Make $ x=2cos\alpha$.So, ${ 8cos^{3} \alpha}-6cos\alpha-1 = 0$. Therefore, $ cos3\alpha=\frac{1}{2}$.From this, we get that: $ x_{1}=2cos140 ; x_{2}=2cos80 ; x_{3}=2cos20$ So, we have to prove that: $ 2(cos20-cos80)(cos20+cos80)=cos20+cos40$. It's equivalent to: $ 2sen100sen60=2cos30cos10$ ; which is clearly true because $ sen100=sen80=cos10$. It finishes the proof. PD: The angles are in degrees.

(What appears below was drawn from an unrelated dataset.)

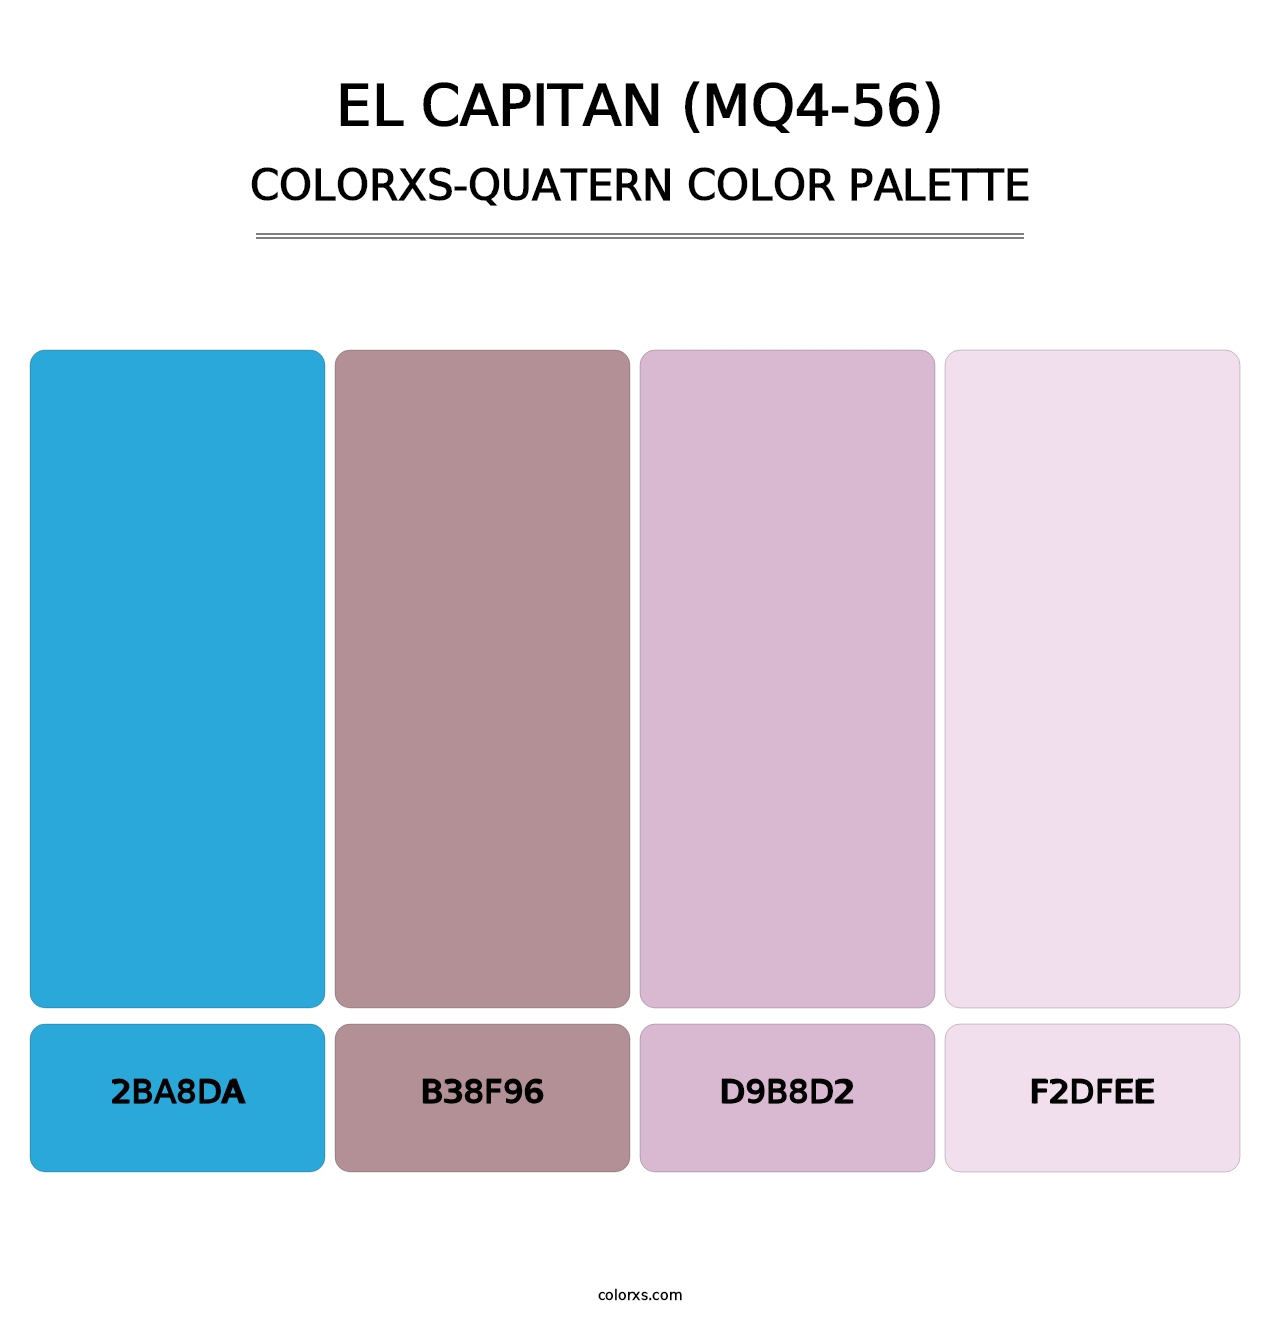 El Capitan (MQ4-56) - Colorxs Quatern Palette

You are asuming that $ -2 \leq x \leq 2$

Yes, but how I found three solutions for a third degree equation, I have found all of them. Thanks for your reply.

Let $f(x)=x^3 - 3x -1$. Examining the values of f(1), f(0), f(-1) and f(-2), we can see that $x_1 < x_2 < 0 < x_3$. Note that if $z$ is a root of $f(x)=0$, then $1/z$ and $(-1-z)$ are both roots of $g(x) = x^3+3x^2-1=0$. But $1/x_2 <1/x_1 < 0 < 1/x_3$ and $-1-x_3 < -1-x_2 < -1-x_1$, so we must have $x_3+1/x_2= -1 = x_1+1/x_3$. Since $f(z)=0$ implies $z^2 = 3 + 1/z$, we can substitute and rearrange to get the required equality.